Problem to work on: Transcribe the listing below exactly, leaving out each image.

Dataset section:
* * *

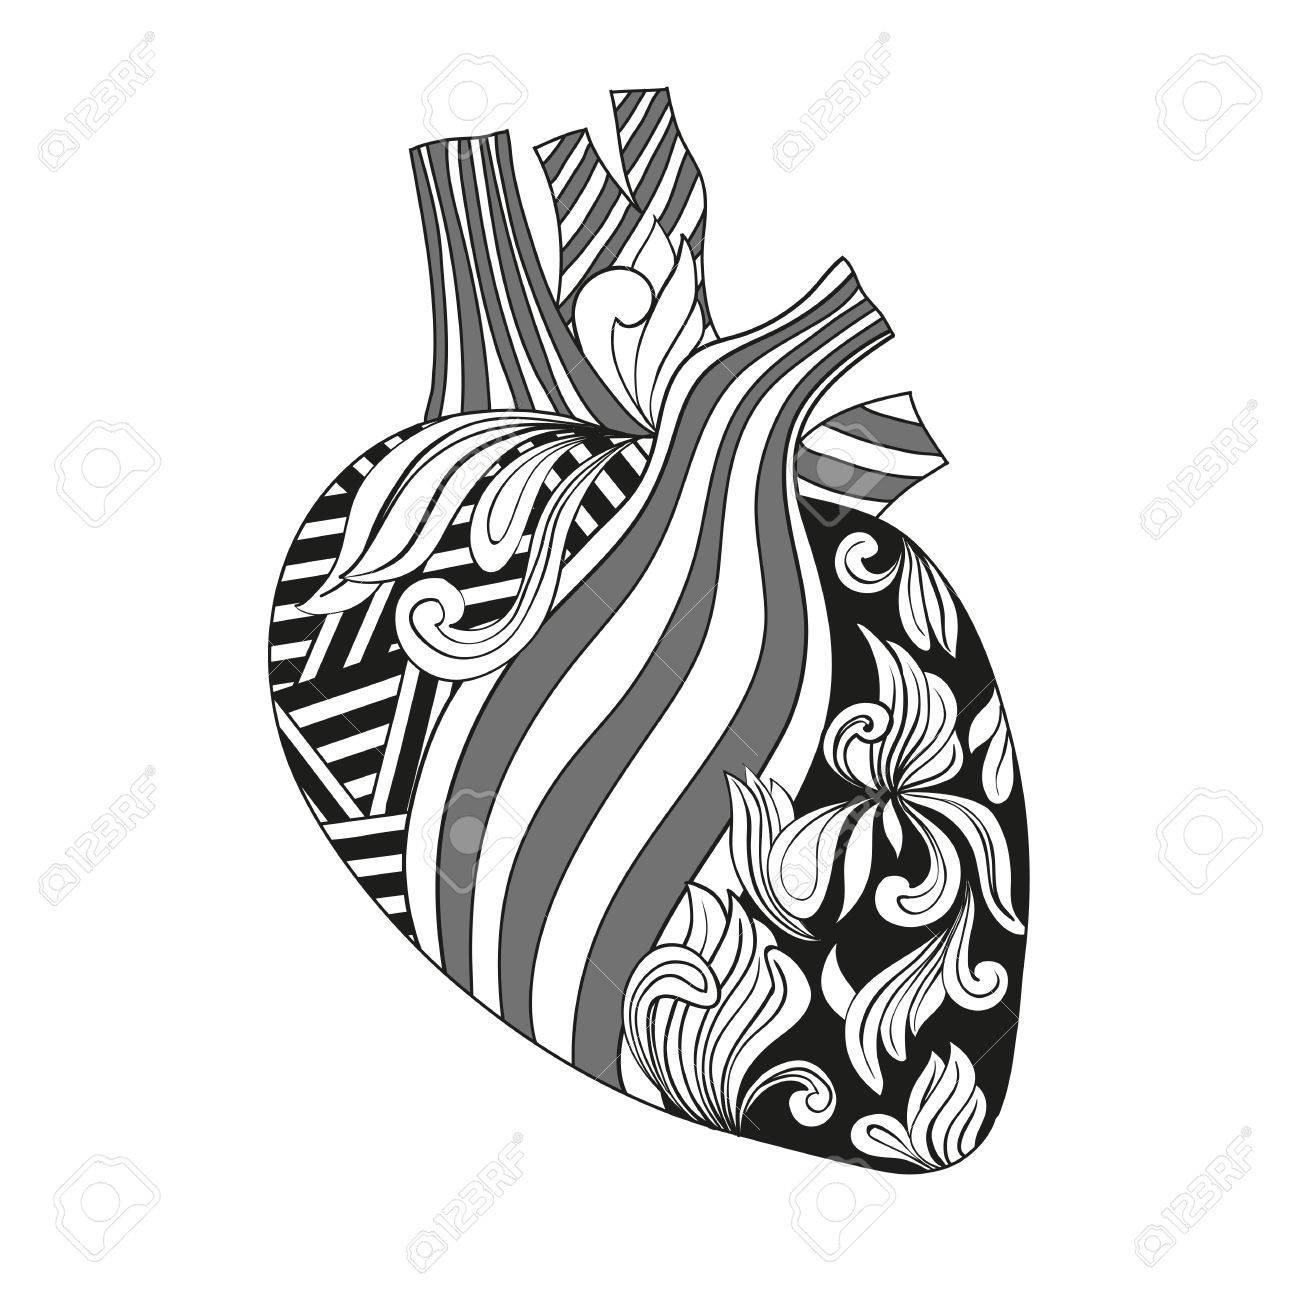 Coloriage Coeur Motif.Illustration Coloriage Coeur Avec Des Veines Et Des Arteres De Style Avec Des Motifs Geometriques Et Floraux
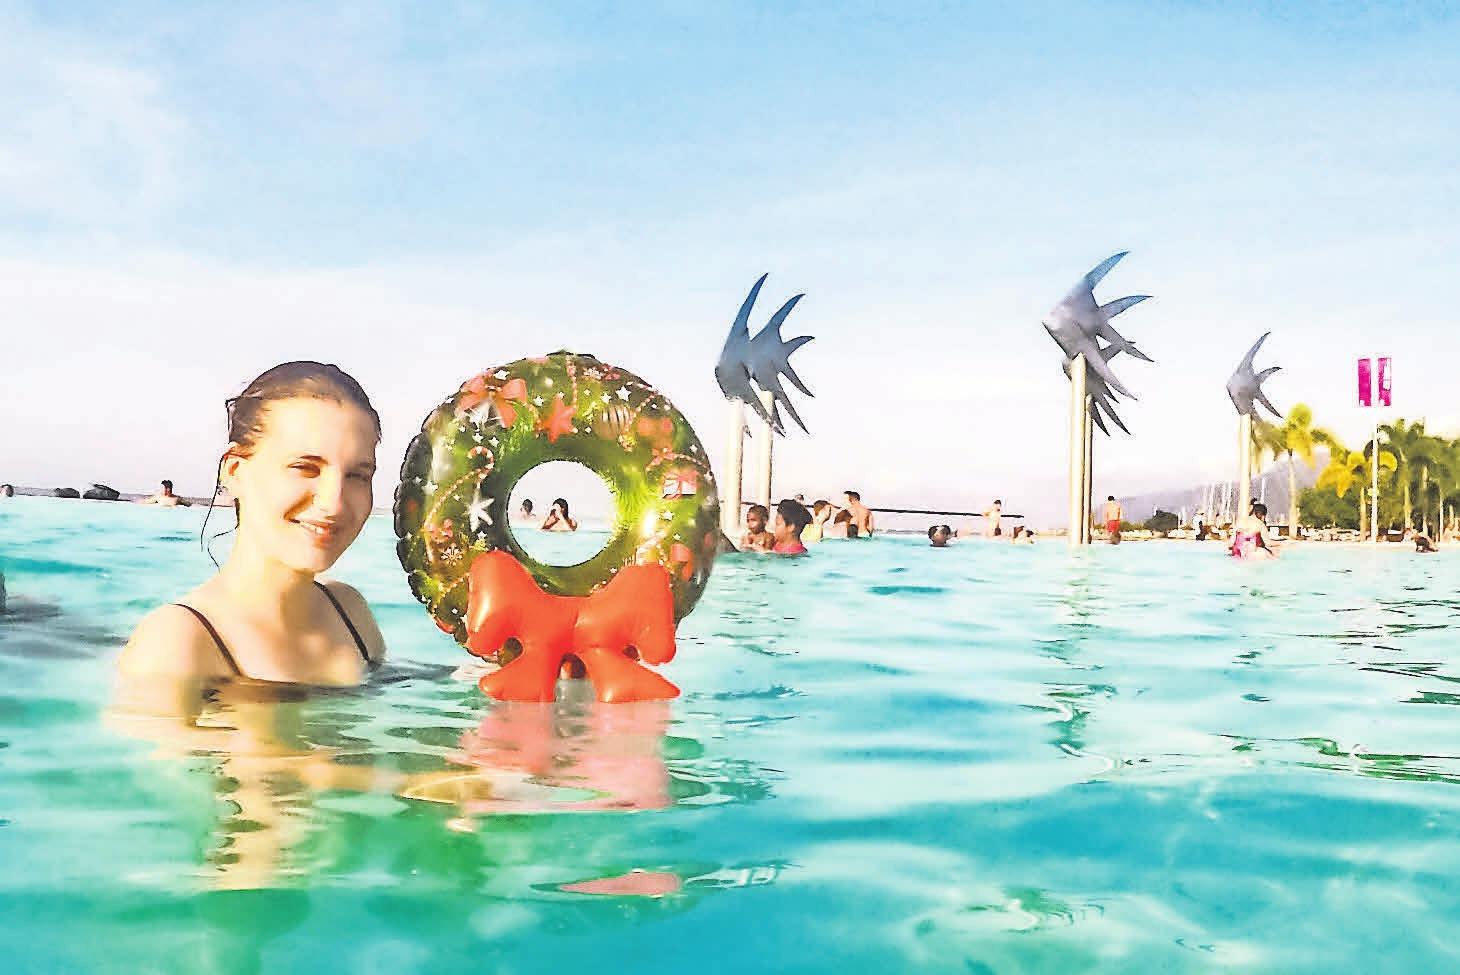 Sommerliche Grüße aus Cairns sendet Jule. Das ist unsere Gewinnerin.
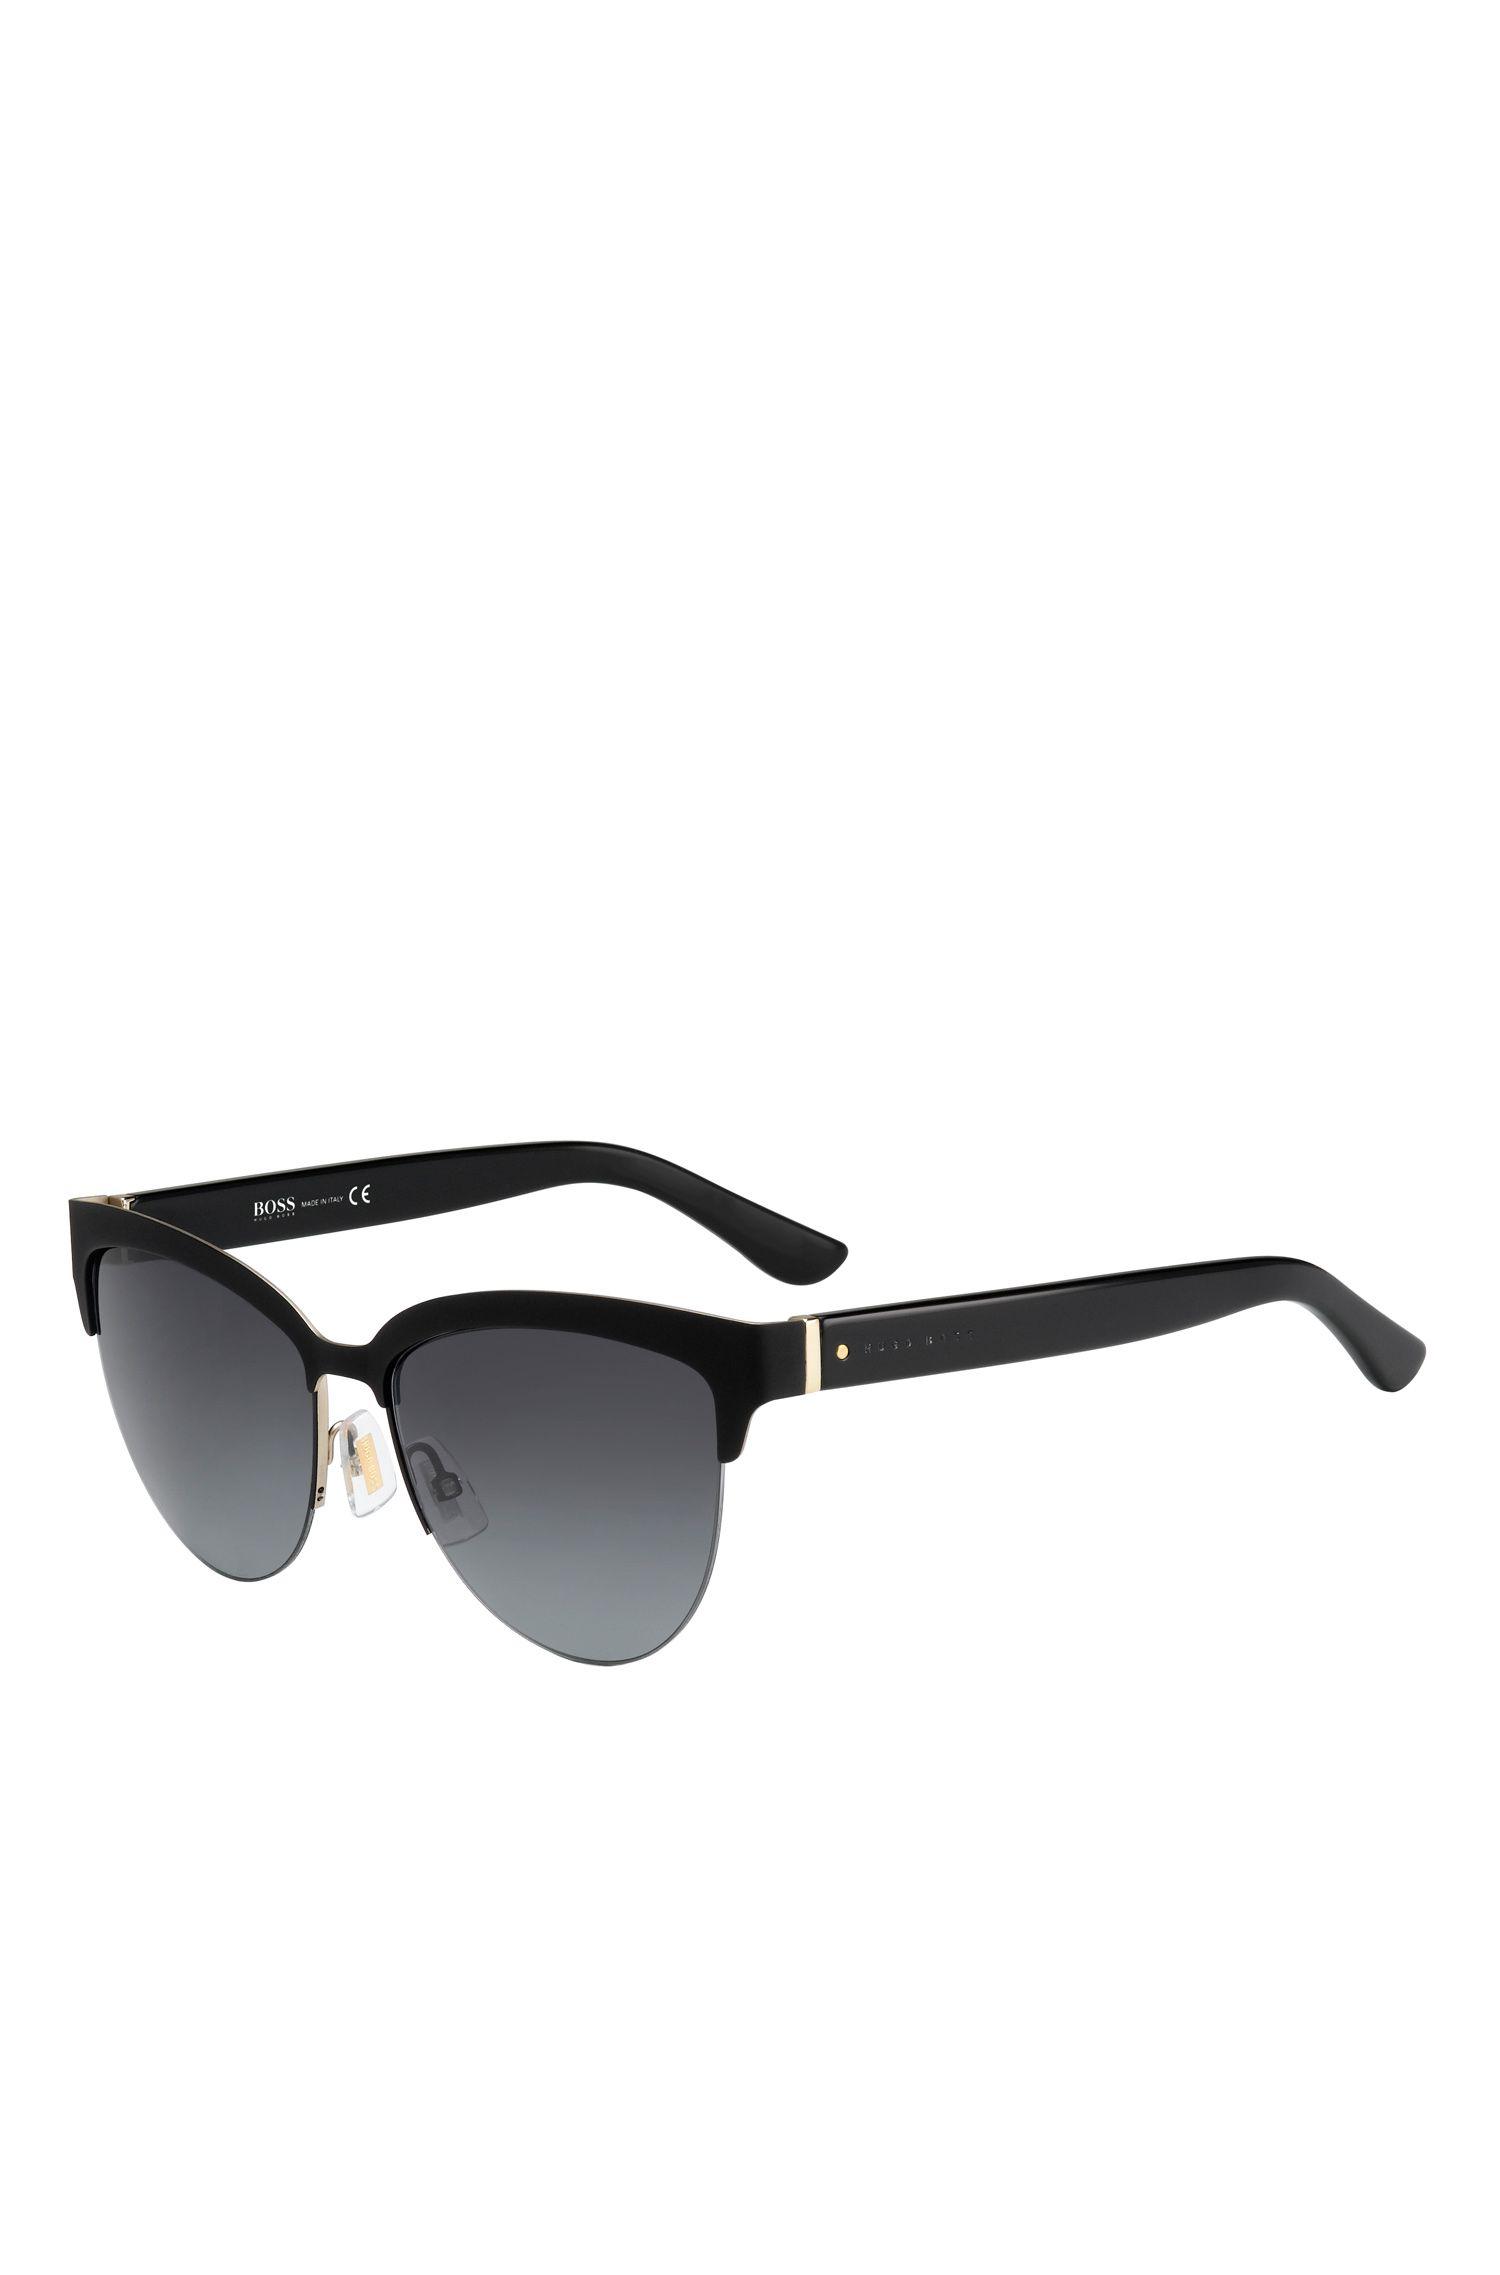 'BOSS 678S'   Black Lenses Half-Frame Cateye Sunglasses

* * *

Result of the task:
 Coloriage Coeur Motif.Illustration Coloriage Coeur Avec Des Veines Et Des Arteres De Style Avec Des Motifs Geometriques Et Floraux
 Sommerliche Grüße aus Cairns sendet Jule. Das ist unsere Gewinnerin.
 'BOSS 678S'   Black Lenses Half-Frame Cateye Sunglasses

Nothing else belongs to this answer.